A. Enter your name below.

Interviewer's Name _____
Please record your name

B. Current date and time.
Is this date and time correct?

[] Yes
[] No

C. Record the correct date and time.

Date____ Month____ Day____ Year____
Time____ Hour____ Minutes____ AM/PM____

D. Commune
ODK will generate a list of appropriate communes.

D. Neighborhood
ODK will generate a list of appropriate neighborhoods.

D. Please note the street or avenue number where the household is located
The supervisor will give you the street or avenue name.

E. Structure number
Please record the structure number from the household listing form. The supervisor will give you the structure number.

F. Household number
Please record the household number from the household listing form. The supervisor will give you the structure number.

CHECK: Have you already sent a form for this structure and household?
DO NOT DUPLICATE ANY FORM UNLESS YOU ARE CORRECTING A MISTAKE IN AN EARLIER FORM.
[] Yes
[] No

WARNING: Contact your supervisor before sending this form again.

CHECK: Why are you resending this form?
Choose all that apply.
[] There are new household members on this form
[] I am correcting a mistake made on a previous form
[] The previous form disappeared from my phone without being sent
[] I submitted the previous form and my supervisor told me that it was not received
[] Other reason(s)

G. Is a member of the household and competent respondent present and available to be interviewed today?

[] Yes
[] No

G2. Did this household participate in a previous PMA2020 survey?

[] Yes
[] No
[] Do not know
[] No response

INFORMED CONSENT
Find a competent member of the household. Read the greeting on the following screen.

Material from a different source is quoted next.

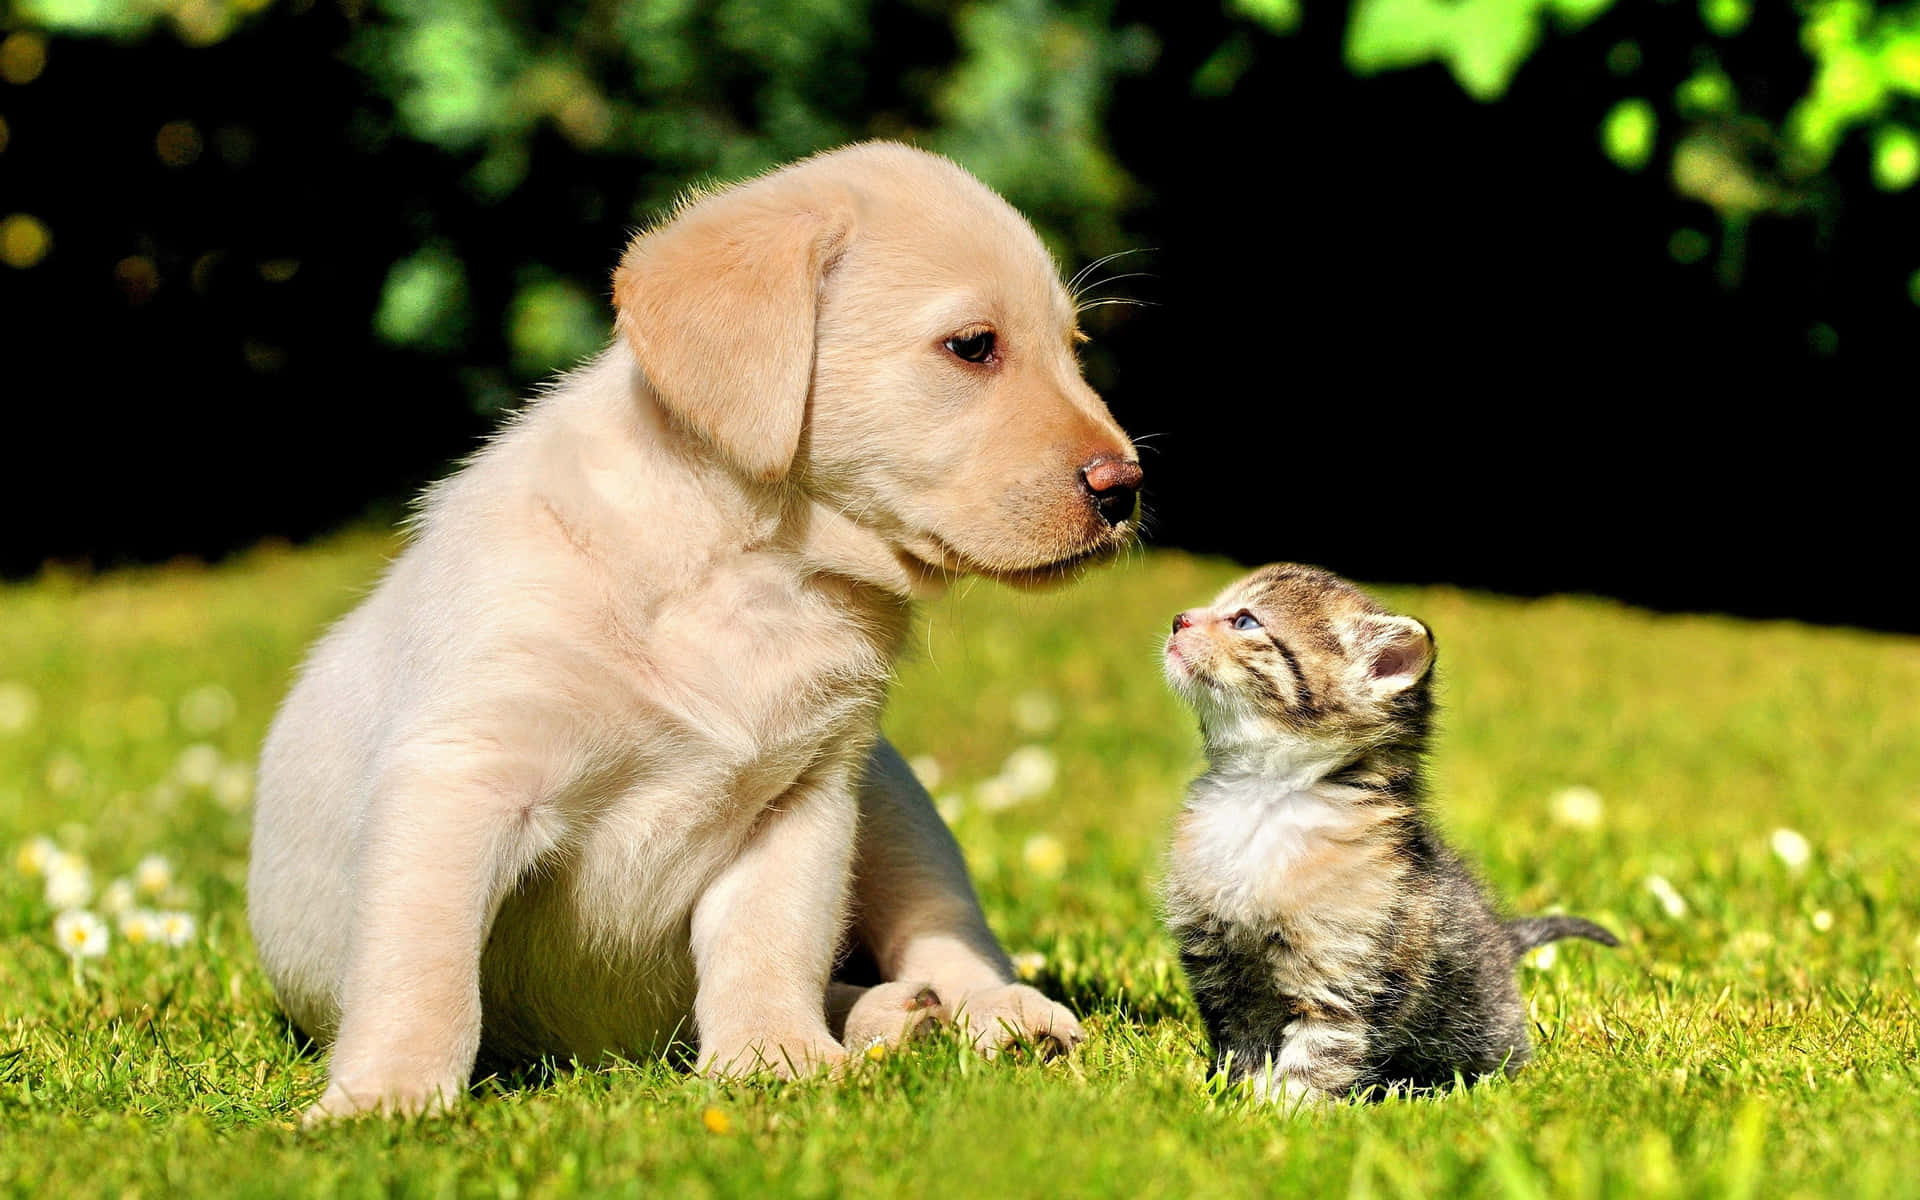 A beautiful moment between a kitten and puppy. Wallpaper

Hello. My name is ______________________________. I am here representing the Ministry of Health and the School of Public Health Kinshasa to learn more about health services in Kinshasa. Now I will read a statement explaining this investigation. Our team collects information on family planning in the Democratic Republic of Congo. We would like to ask you about the characteristics of your household, as well as activities related to family planning. Information about you may be used for activities and family planning services in the Democratic Republic of Congo. Data collected will be analyzed by researchers, but your name will be removed from all analyses, so that your information remains anonymous. You can refuse to answer questions you will be asked many times as you want, and decide to stop the survey at any time. Do you have questions about this survey?

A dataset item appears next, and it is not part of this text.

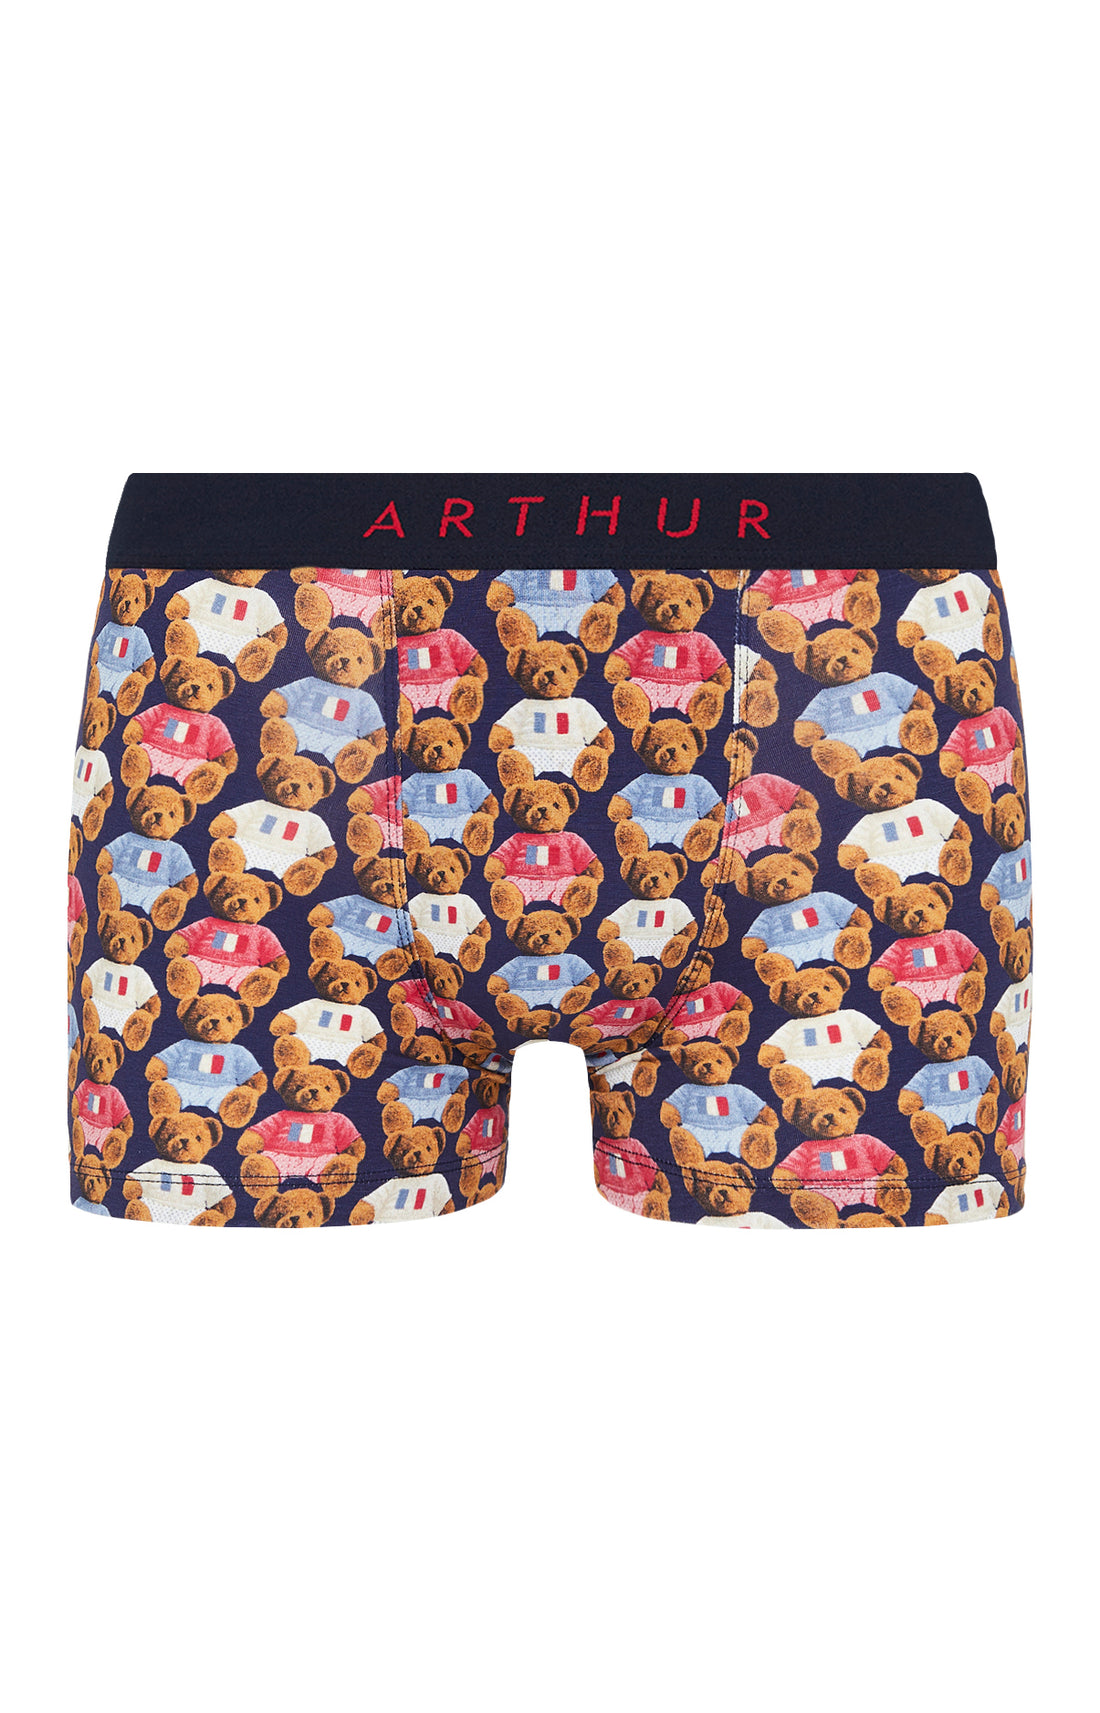 Teddy Boxer short  Men's underwear – Arthur

H. Provide a paper copy of the Consent Form to the respondent and explain it. Then, ask: May I begin the interview now?

[] Yes
[] No

Respondent's signature

[] Checkbox

I. Interviewer's name
Please record your name as a witness to the consent process. You previously entered [NAME]

J. Respondent's first name.
Please record the first name of the respondent.

Section 1 -- Household Roster
I am now going to ask a series of questions about each usual member of the household or anyone who slept in the house last night.

Household member

[] __________________

HQ1. First name

[] __________________

HQ2. Sex

[] Male
[] Female

HQ3. Age (years)

Age __________________
If less than one year old, record 0

HQ4. Marital Status

[] Married
[] Living with a partner
[] Divorced / separated
[] Widow / widower
[] Never married
[] No response

HQ5. Relationship to head of household
HQ4 must be "Married" or "Living with a partner" if HQ5 is wife/husband.
[] Head
[] Wife/Husband
[] Son/Daughter
[] Son/Daughter-in-law
[] Grandchild
[] Parent
[] Parent in law
[] Brother/Sister
[] Other
[] Don't know
[] No response

HQ6. Family ID

[] __________________

HQ7. Is this person a usual member of the household or has he/she slept in the house last night?

[] Usual member of the household who slept in the household last night.
[] Usual member of the household who did NOT sleep in the house last night
[] Visitor who slept in the house last night
[] No response

HQ8. Eligible for the female respondent questionnaire.

[] Yes
[] No

HQ9. Are there any other usual members of your household or persons who slept in the house last night?

[] Yes
[] No

READ THIS CHECK OUT LOUD: There are [NUMBER OF HOUSEHOLD MEMBERS] household members who are named [NAMES]. Is this a complete list of household members?
Remember to include all children in the household.
[] Yes
[] No

Section 2 -- Household Characteristics
Now I would like to ask you a few questions about the characteristics of your household.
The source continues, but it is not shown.